🤖 AI Summary
This paper addresses the spatiotemporal calibration challenge for multi-view video in dynamic, multi-person scenes. We propose an end-to-end, markerless calibration method leveraging freely moving pedestrians. By modeling cross-view human motion as probabilistic point-set registration on the unit sphere, our approach jointly estimates camera rotation, translation, inter-camera time offsets, and person-level cross-view correspondences. Our key contribution is a novel temporal-geometric joint optimization framework that integrates monocular 3D pose estimation, unit-sphere projection, soft assignment matching, coplanarity constraints, and multi-view consistency regularization. Evaluated on both synthetic and real-world datasets, the method achieves sub-degree rotational accuracy (<1°) and sub-hundred-millisecond temporal synchronization precision—significantly outperforming existing calibration-free approaches. The framework is robust to unconstrained human motion and requires no specialized calibration objects, making it suitable for flexible deployment in practical surveillance and human motion analysis applications.
📝 Abstract
We propose a novel method for spatiotemporal multi-camera calibration using freely moving people in multiview videos. Since calibrating multiple cameras and finding matches across their views are inherently interdependent, performing both in a unified framework poses a significant challenge. We address these issues as a single registration problem of matching two sets of 3D points, leveraging human motion in dynamic multi-person scenes.
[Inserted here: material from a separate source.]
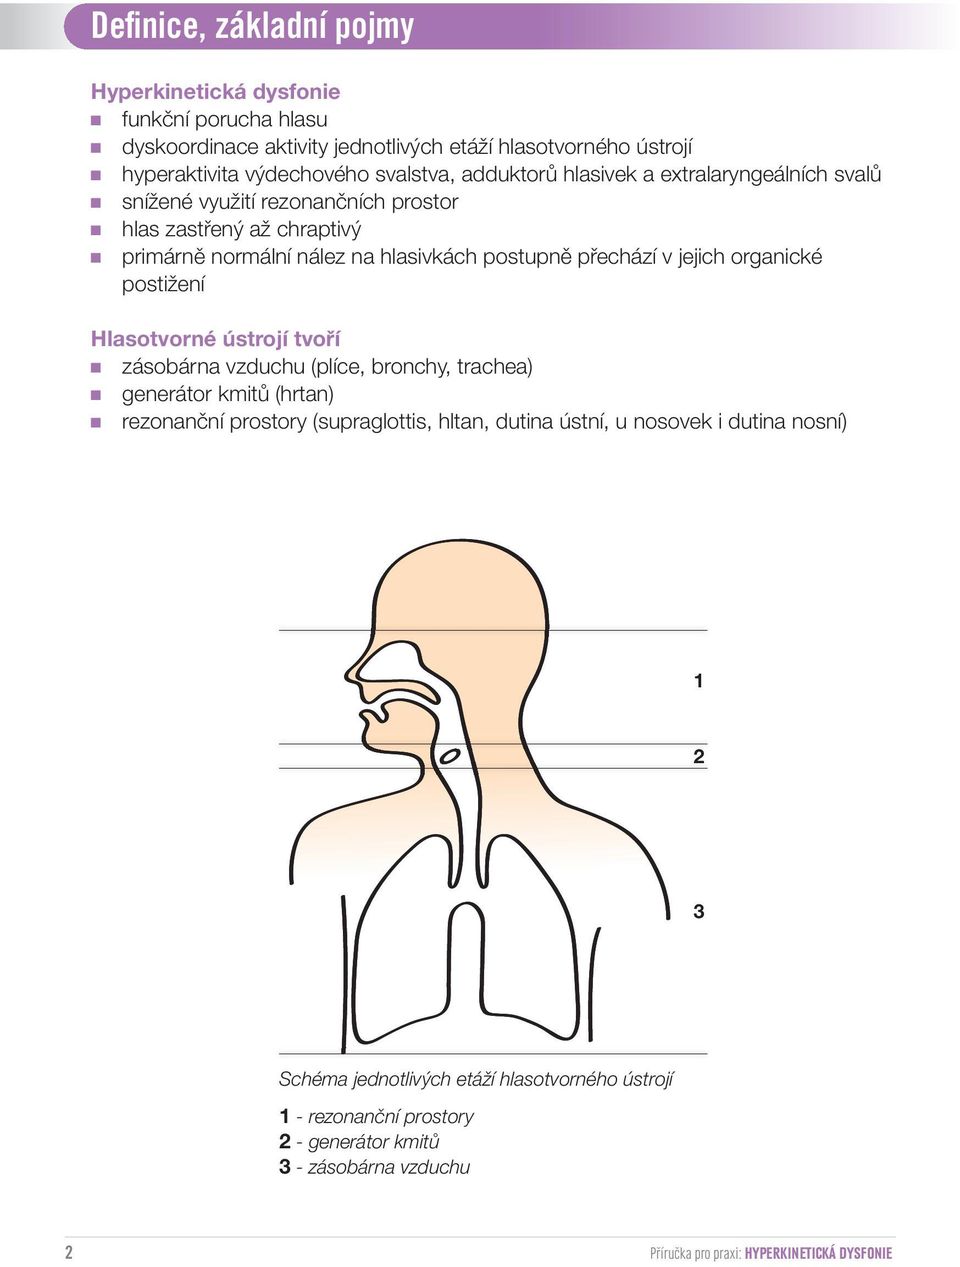 organické postižení Hlasotvorné ústrojí tvoří zásobárna vzduchu (plíce, bronchy, trachea) generátor kmitů (hrtan) rezonanční prostory (supraglottis, hltan, dutina ústní, u

To this end, we utilize 3D human poses obtained from an off-the-shelf monocular 3D human pose estimator and transform them into 3D points on a unit sphere, to solve the rotation, time offset, and the association alternatingly. We employ a probabilistic approach that can jointly solve both problems of aligning spatiotemporal data and establishing correspondences through soft assignment between two views. The translation is determined by applying coplanarity constraints. The pairwise registration results are integrated into a multiview setup, and then a nonlinear optimization method is used to improve the accuracy of the camera poses, temporal offsets, and multi-person associations. Extensive experiments on synthetic and real data demonstrate the effectiveness and flexibility of the proposed method as a practical marker-free calibration tool.